* _Material provided_:
===============
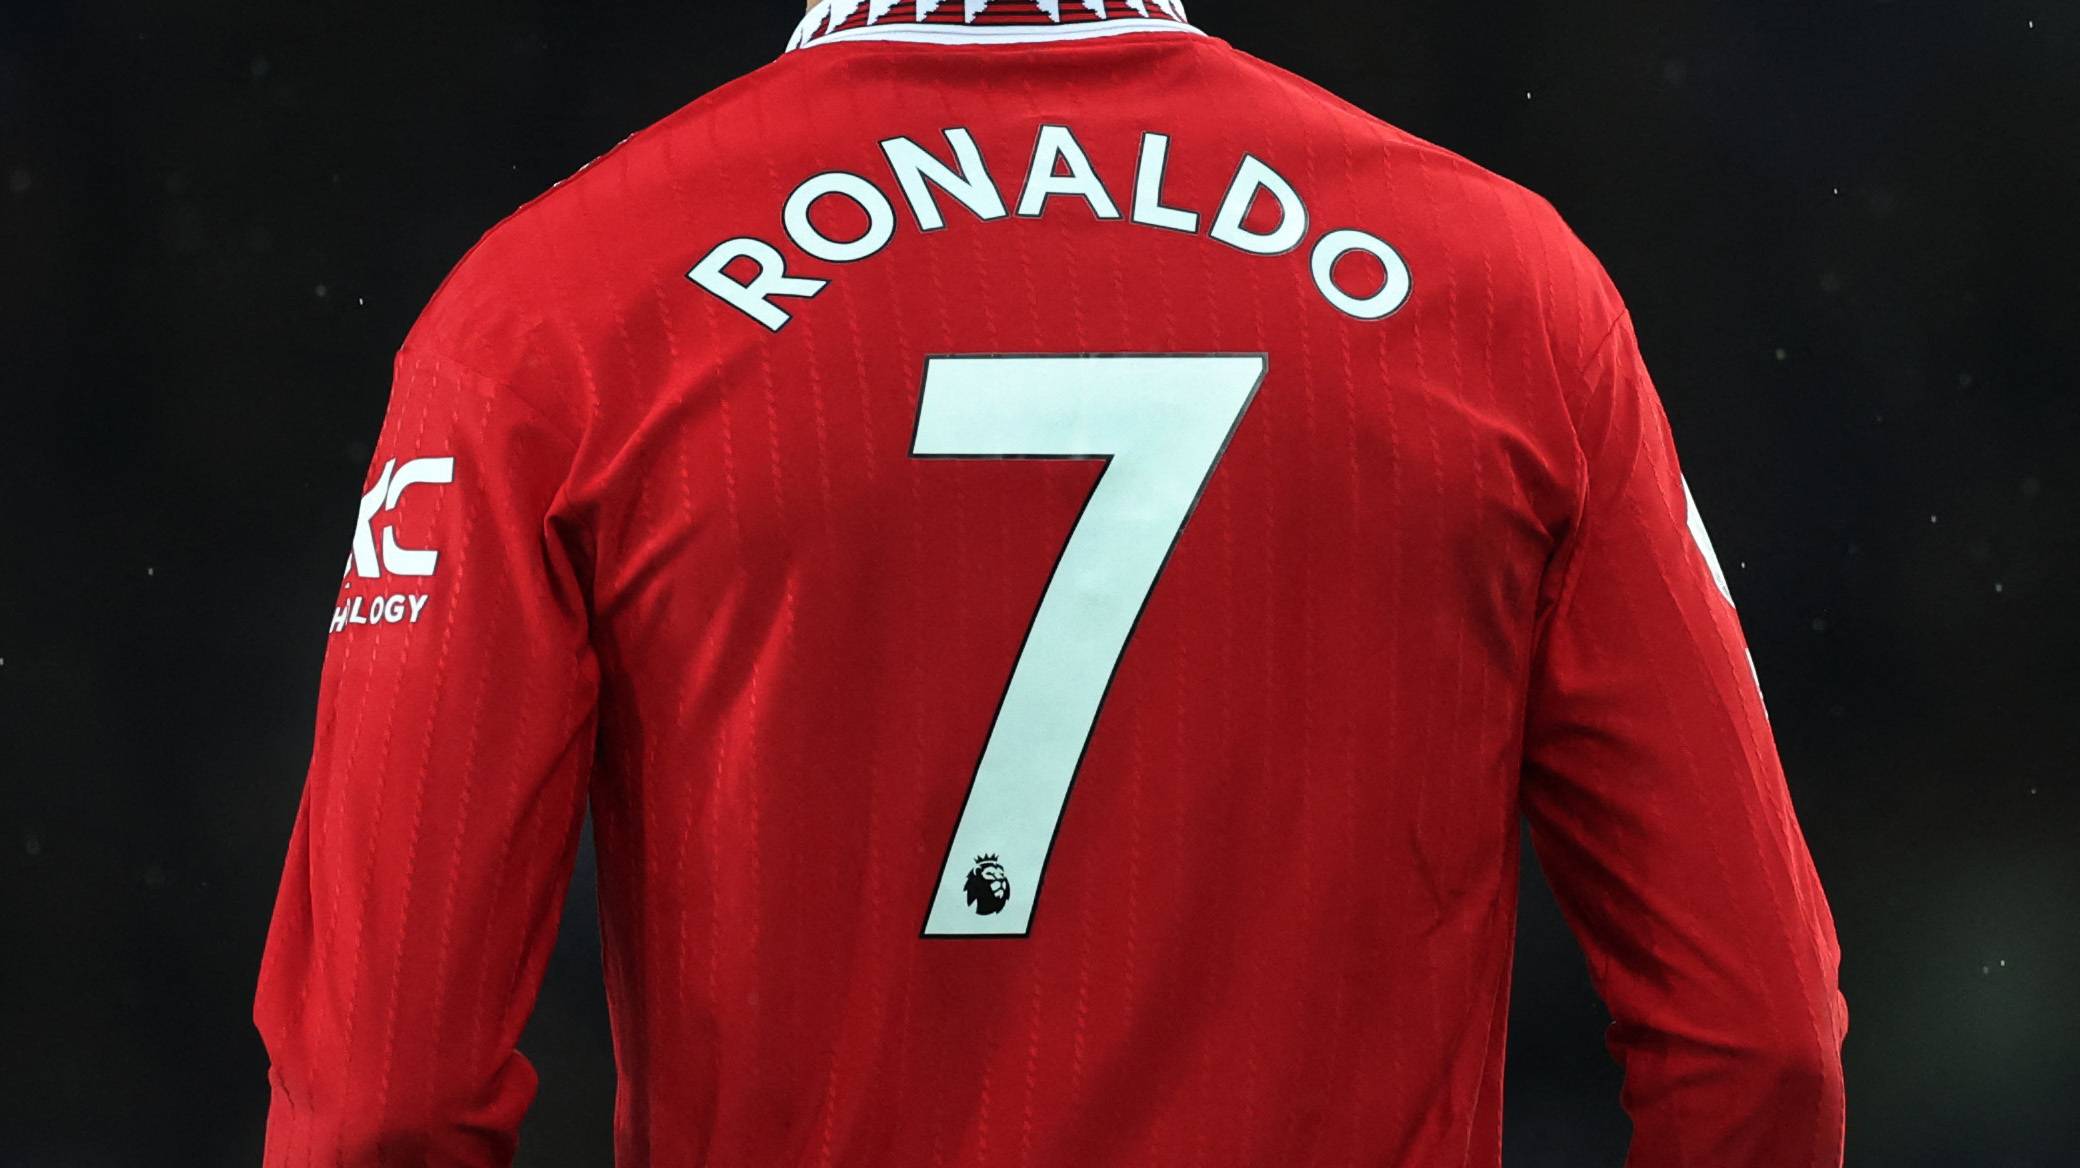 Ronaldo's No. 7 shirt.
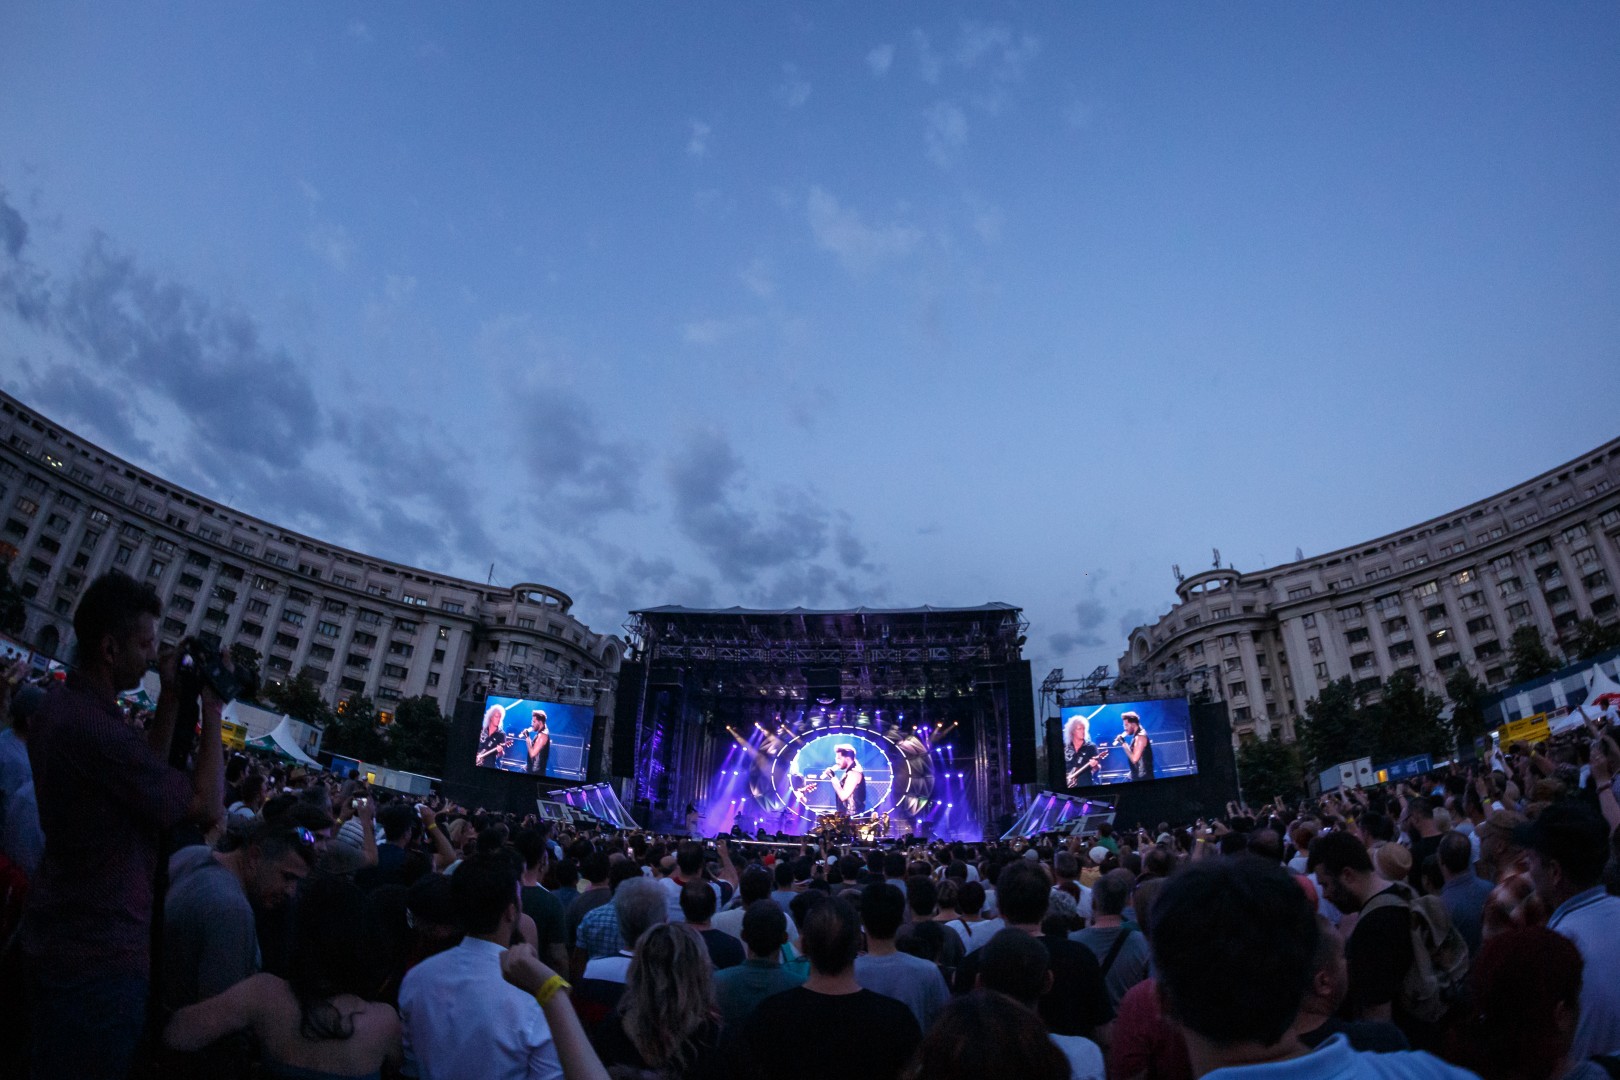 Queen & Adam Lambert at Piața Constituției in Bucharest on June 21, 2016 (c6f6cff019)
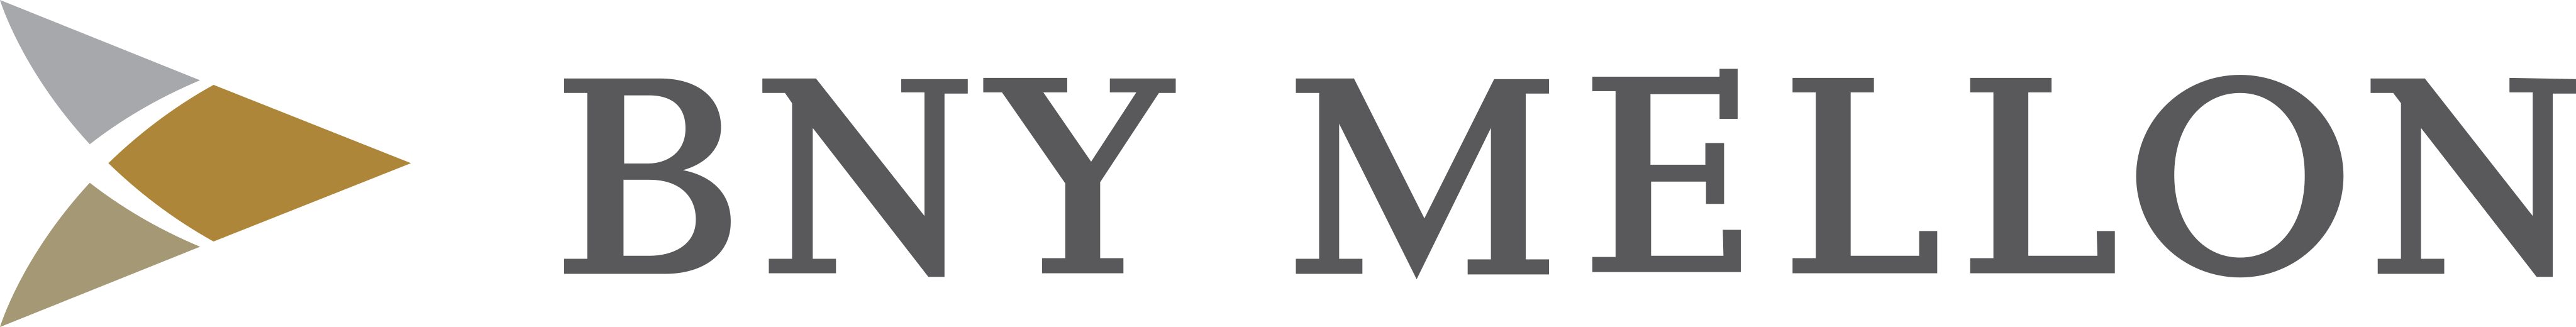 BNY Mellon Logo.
===============
* _Exercise_: Without the pictures, repeat the line with "Queen & Adam" and every line after it to the end of the listing, and nothing else.

* _Answer below_:
 Queen & Adam Lambert at Piața Constituției in Bucharest on June 21, 2016 (c6f6cff019)
 BNY Mellon Logo.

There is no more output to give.